Въ предисловіи къ "Каину" поэтъ упоминаетъ еще о поэмѣ Геснера "Смерть Авеля", которую онъ читалъ еще восьмилѣтнимъ ребенкомъ и изъ которой помнилъ только то, что она ему очень нравилась, а изъ подробностей -- что у Геснера жена Каина звалась Магала, жена Авеля -- Тирза. "Нравилась" она ему однако довольно странно, потому что много лѣтъ спустя онъ разсказывалъ своему пріятелю Медвину: "Поэма Геснера "Авель" была одна изъ первыхъ книгъ, которыя читалъ со мной мой нѣмецкій учитель; и между тѣмъ какъ онъ проливалъ горькія слезы надъ каждой страницей, мнѣ приходило на мысль, что всякому другому, кромѣ Каина, едва-ли можно было бы вмѣнить въ преступленіе, если бы онъ избавилъ міръ отъ такого скучнаго малаго, какимъ сдѣлалъ Геснеръ его брата Авеля". Дѣйствительно, скучнѣе этой сентиментально-идиллической и богословски-назидательной поэмы трудно представить себѣ что нибудь; центръ тяжести лежитъ въ богобоязненномъ, пасторски-добродѣтельномъ Авелѣ, а Каинъ дюжинная грубая натура, отличительное свойство которой -- зависть къ Авелю по побужденіямъ чисто матеріальнаго свойства. Выведенъ здѣсь на сцену и демонъ-соблазнитель; но этотъ Анамелехъ -- тоже созданіе совсѣмъ дюжинное, грубо-лукавое, трусливое, побуждающее Каина убить брата только для того, чтобы самому прославиться въ аду между своими собратьями-дьяволами какимъ нибудь особенно гнуснымъ дѣломъ {Ср. L. Byron's mystery "Cain" and its relation to Milton's "Paradise Lost", and Gessner's "Death of Abel" von Fr. Blumenthal. Oldenburg, 1891.}. Само собой разумѣется, что для Байрона при созданіи "Каина" сочиненіе нѣмецкаго моралиста не имѣло ровно никакого значенія.

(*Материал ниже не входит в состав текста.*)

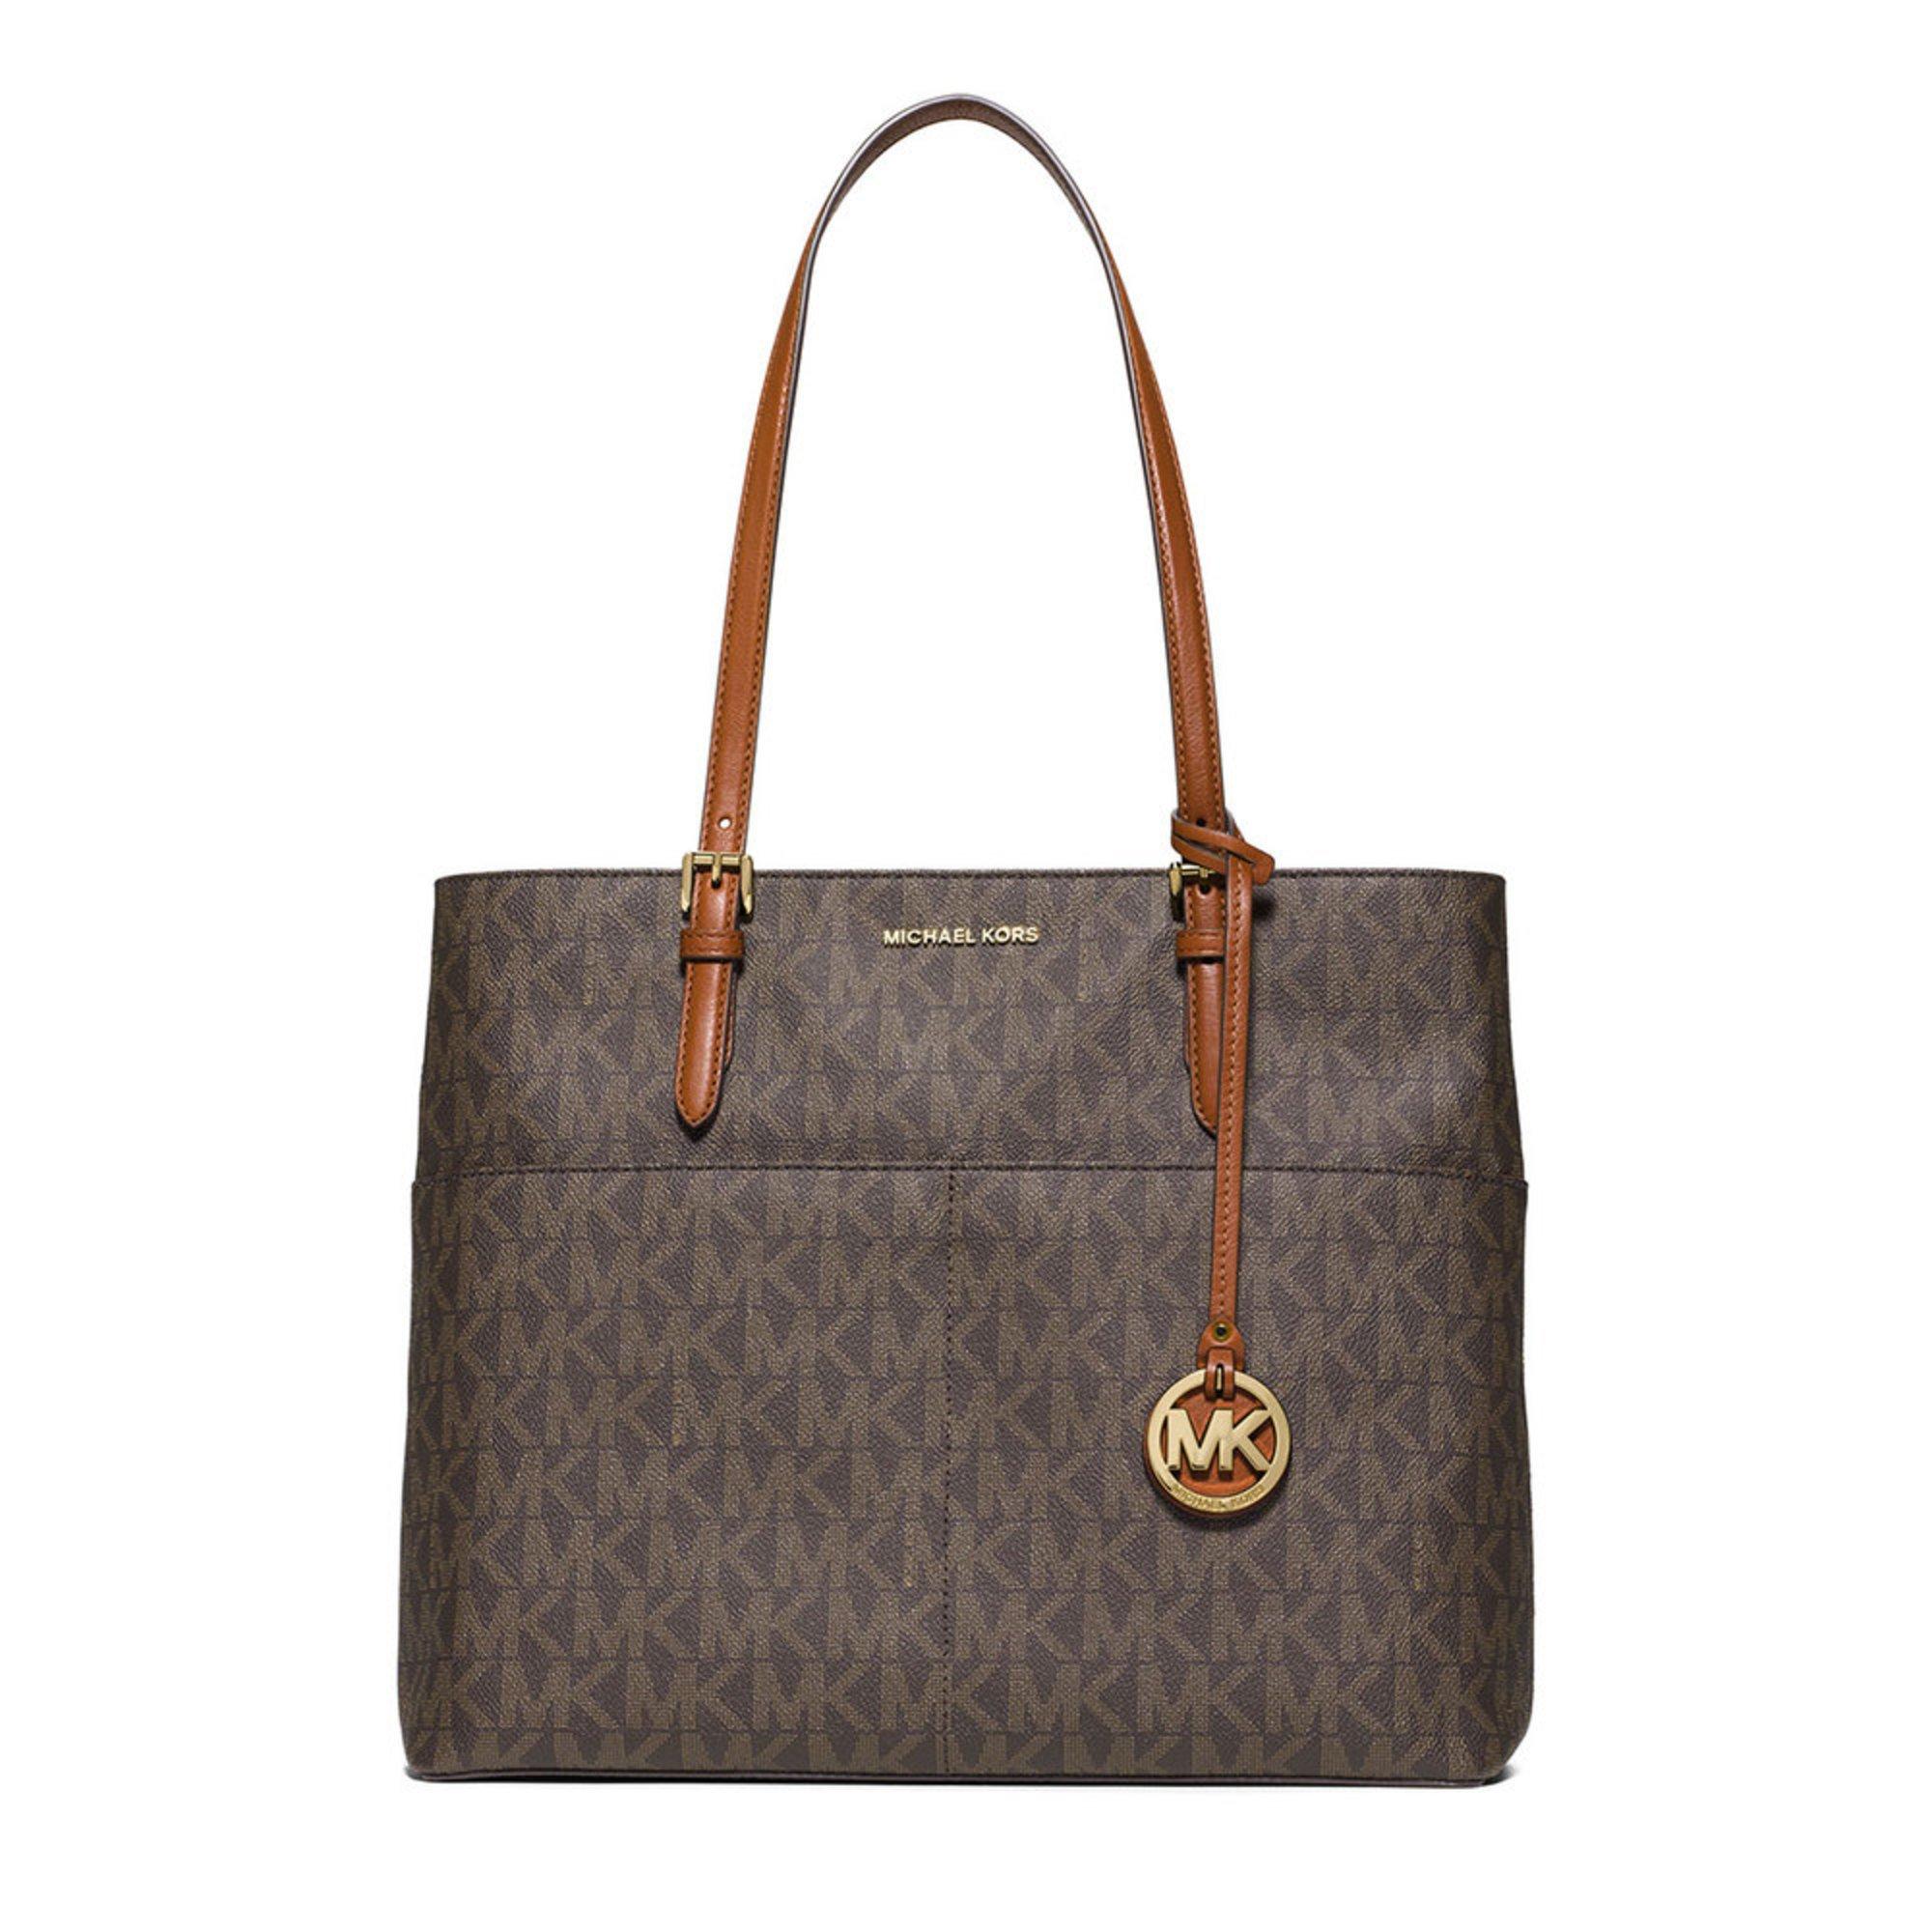 michael kors bedford large pocket tote brown handbags accessories shop your navy exchange. Black Bedroom Furniture Sets. Home Design Ideas

Ссылается также Байронъ въ томъ же предисловіи на "Потерянный Рай" Мильтона, говоря, что не читалъ его съ двадцатилѣтняго возраста (а "Каинъ" написанъ въ то время, когда автору было 33 года); "но -- прибавляетъ онъ -- я до этого читалъ его такъ часто, что это все равно". Соприкосновеніе и нѣкоторая близость этихъ двухъ произведеній заключаются главнымъ образомъ въ изображеніи тамъ и тутъ падшаго духа -- у Байрона Люцифера, у Мильтона Сатаны -- и затѣмъ въ нѣкоторыхъ подробностяхъ, каковы разговоръ Каина и Люцифера въ аду и бесѣда (у Мильтона) между архангеломъ и Адамомъ при изгнаніи прародителей изъ рая, и воздушные полеты Люцифера и Сатаны. О сходствѣ между этими двумя "бунтовщиками" противъ управляющей міромъ Высшей Силы мы будемъ говорить ниже, при характеристикѣ Байроновскаго "Каина"; но какъ бы то ни было, допуская даже нѣкоторое вліяніе творца "Потеряннаго Рая" на создателя "Каина", этимъ ни мало не умаляется полная самостоятельность "Мистеріи" Байрона, тѣмъ болѣе, что Мильтоновскій Сатана, при всемъ его величіи, блѣднѣетъ и принижается при сопоставленіи его съ Байроновскимъ Люциферомъ.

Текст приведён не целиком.